The fourth Super Bowl victory for New England Patriots head coach Bill Belichick has vaulted him squarely in the mix in any discussions of the best NFL coach ever. The four championships are in addition to six AFC crowns and churning out 11-12 wins a season with the efficiency of an assembly line. But unlike Belichick’s quarterback Tom Brady, whom I believe moved to the top of the list at his position, I think the head coach is still trailing a couple other names in my generation (1978 and beyond). Those names are Joe Gibbs and Bill Walsh.
Gibbs led the Washington Redskins during their glory years of 1981-1992 and while he didn’t match Belichick in terms of sheer volume, the Redskin coach still won three Super Bowls and went to a fourth. Gibbs’ signature achievement is that, alone among other great coaches, he never had stability at the quarterback position for an extended period of time. Gibbs won his championships (1982, 1987, 1991) with three different quarterbacks. And really, it’s four, when you consider that there was a QB controversy for all of 1987.
But it’s not just the quarterback spot that was in flux. He won with different running backs, with John Riggins leading the way at the start of the dynasty and an Earnest Byner/Ricky Ervins combo at the end of it, with George Rogers in between. And for good measure, little-known Timmy Smith set a Super Bowl rushing record in 1987.
Even the offensive line, perhaps what this era of Washington Redskins history, is most remembered for, went through changes. “The Hogs”, of NFL lore, were not the same five players throughout the glory years. Jeff Bostic, Joe Jacoby and Russ Grimm were steady, but other regular starters ranged from Raleigh McKenzie to Ed Simmons to Mark May to Mark Schlereth to Jim Lachey. No matter what the position, Gibbs kept turning personnel over and kept winning.
Finally, Gibbs had never had the advantage of coaching in a bad division, something Belichick has enjoyed most of his career. Gibbs’ rivals were Tom Landry’s Cowboys at the beginning of his career, Bill Parcells’ Giants for much of the latter part of the 1980s, with Buddy Ryan’s Eagles mixed in. When those Redskin teams played a divisional game, there weren’t a lot of Ryan Tannehill’s or E.J. Manuel’s or Mark Sanchez’s dotting the schedule.
The case for Walsh is a little different. Like Belichick, the San Francisco 49er legend found a Hall of Fame quarterback in the middle of the draft, getting Joe Montana in the third round. Walsh won three Super Bowls with Montana (1981, 1984, 1988) before passing the reins to defensive coordinator George Seifert who won one more with Montana in 1989, and another with Steve Young–whom Walsh had acquired–in 1994.

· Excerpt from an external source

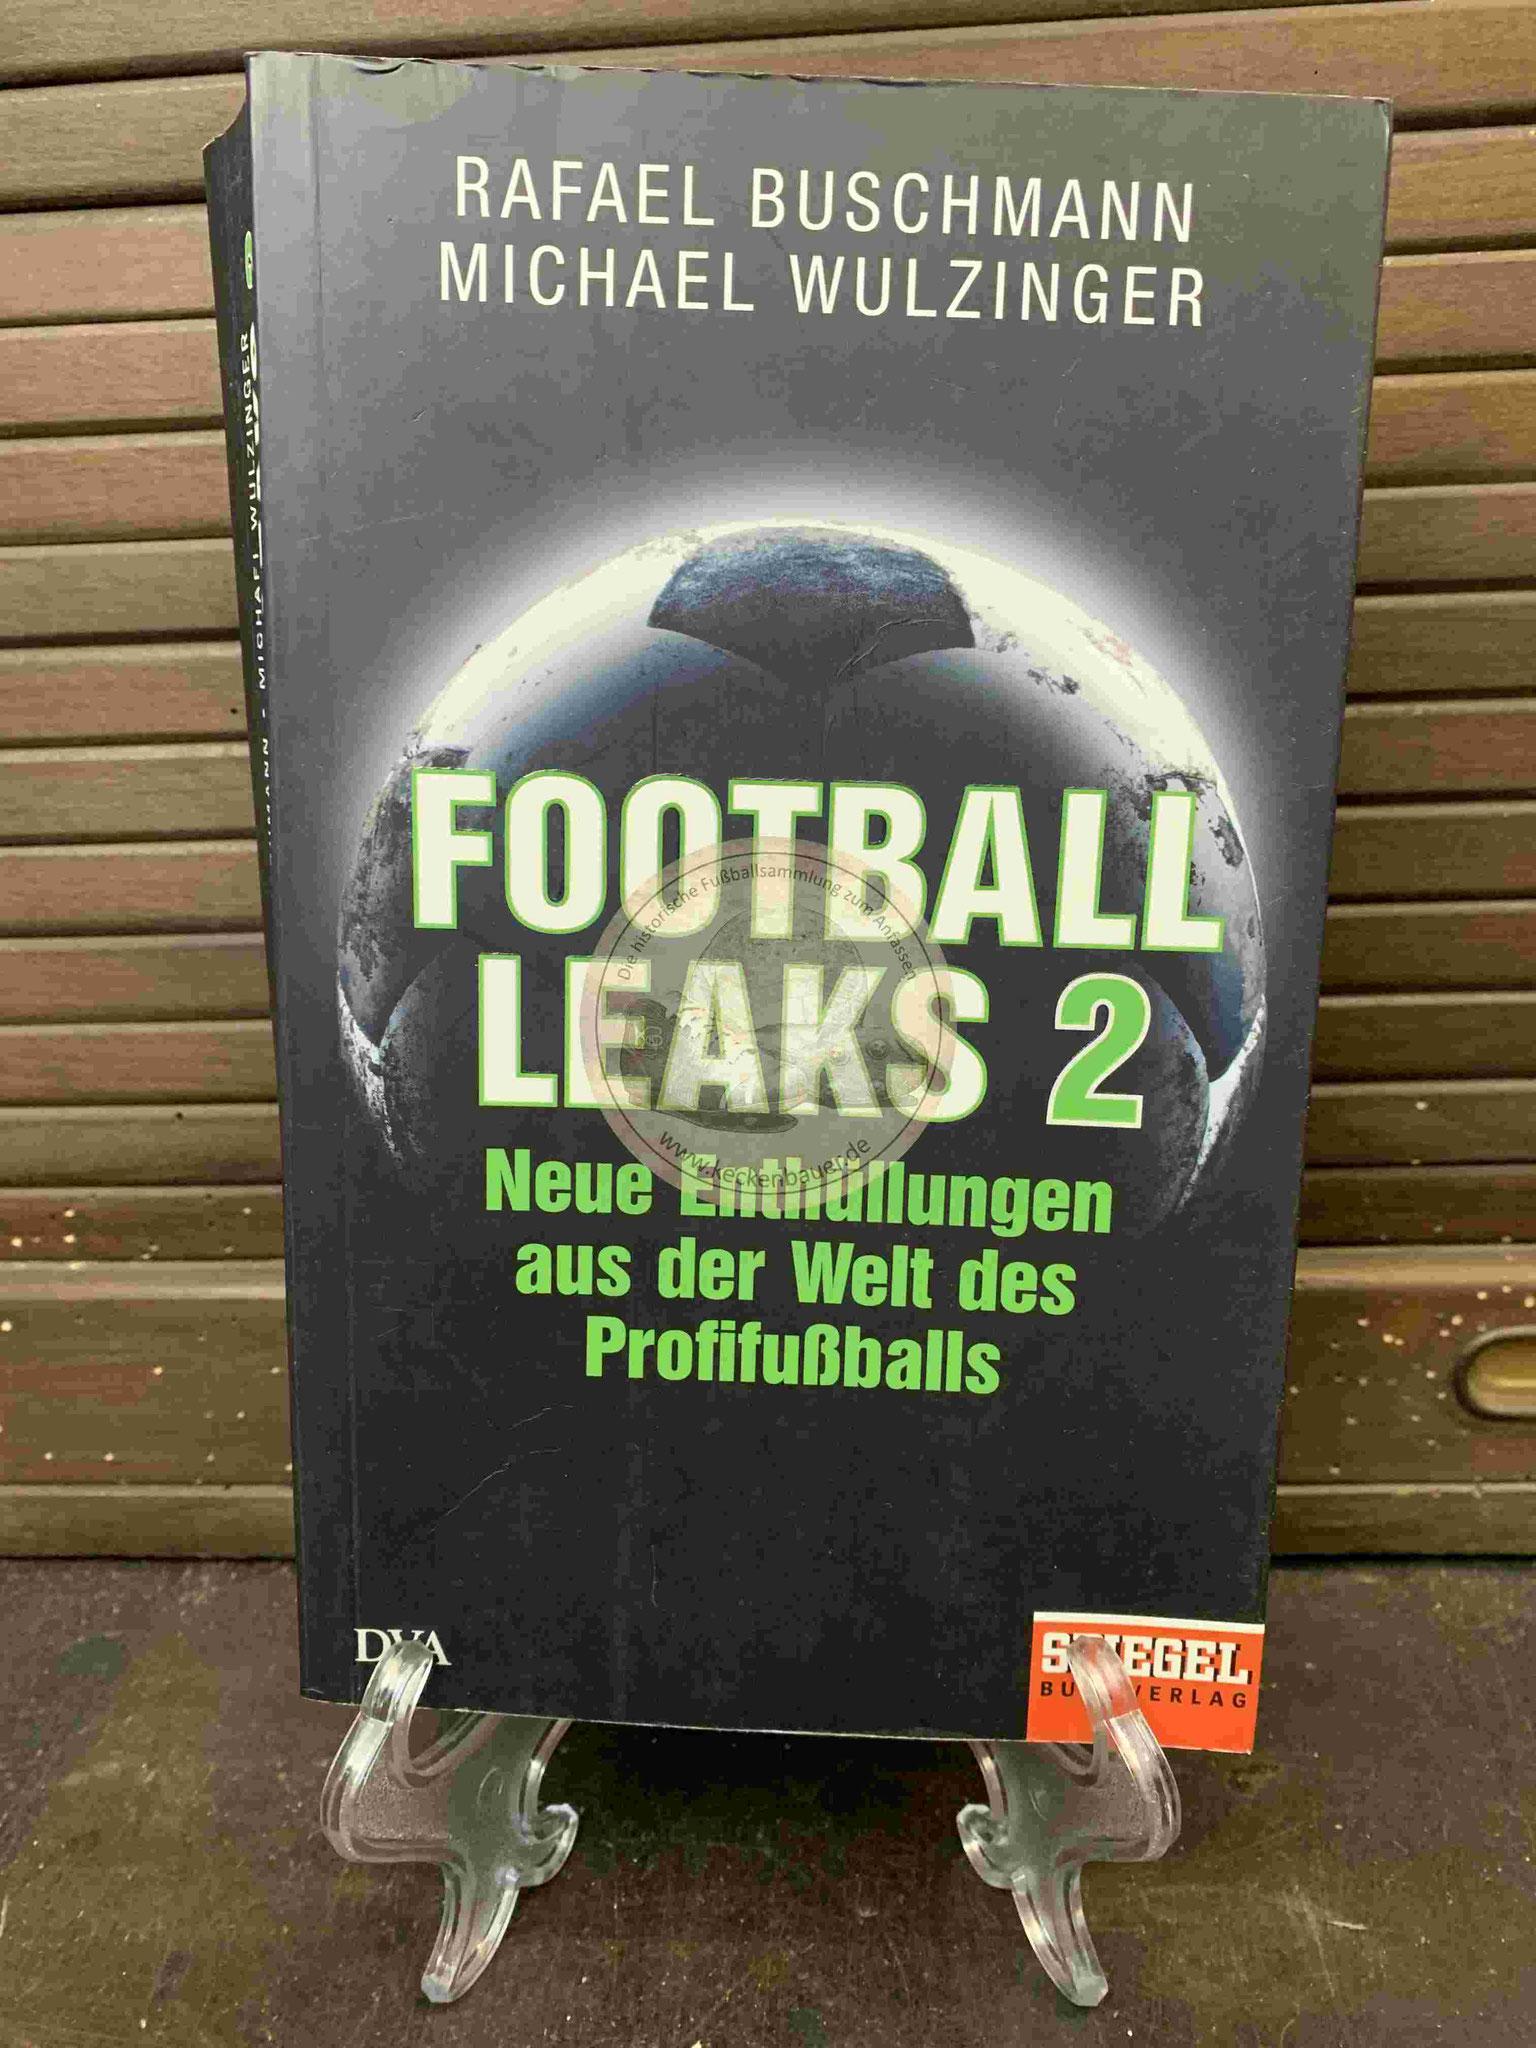 Rafael Buschmann Michael Wulzinger Football Leaks 2 aus dem Jahr 2019

What happened with San Francisco after Walsh retired underscores his greatness. He ran the entire football operation and built a legacy that would endure after his retirement. Furthermore, he changed the way offensive football was played, introducing the West Coast offense. Today, every NFL team uses some form of the system’s basic concepts.
Walsh shifted away from the power-run/throw-deep to a constant use of short passing. And he did without going to the extremes of later versions, such as the run-and-shoot, a four-receiver set that compromised a team’s ability to run the ball when it really it needed to.
The Walsh coaching tree is legendary, spawning countless new head coaches into the NFL stream that changed football forever. Walsh is certainly the most impactful NFL person of my lifetime, and he’s probably the most important historical figure in the league since its founders.
Bill Belichick is a brilliant mind, who has dealt with a salary cap and kept rotating supporting casts around to Tom Brady for fourteen years now. He’s shown amazing creativity in his use of personnel and his willingness to be flexible and adapt to his talent, rather than making the talent adapt to him. It’s why he’s extremely high on any credible list of all-time coaching greats.
But he has to rank behind Gibbs and Walsh. Gibbs never had the anchor of a Tom Brady-type to stabilize the retooling. Walsh went beyond creativity and into a true football revolutionary. Any discussion of Belichick’s rank has to begin at the #3 spot.
Is Gibbs or Walsh #1? I think it depends on how you phrase the question. If you want the coach who simply got the most out of his talent year-in, year-out, then I think Gibbs is the best ever, and it’s really not all that close.
If you want someone who went beyond coaching and into the complete oversight and changing of the game then Walsh is #1, and that really isn’t all that close.
When Gibbs left, the Redskins couldn’t survive without him. When Walsh left, the 49er machine churned on, but with his handpicked talent on the sidelines and on the field. That underscores the difference in their greatness in a nutshell.
Either way, these two men, Joe Gibbs and Bill Walsh, are a cut above everyone else in the modern era of NFL head coaches.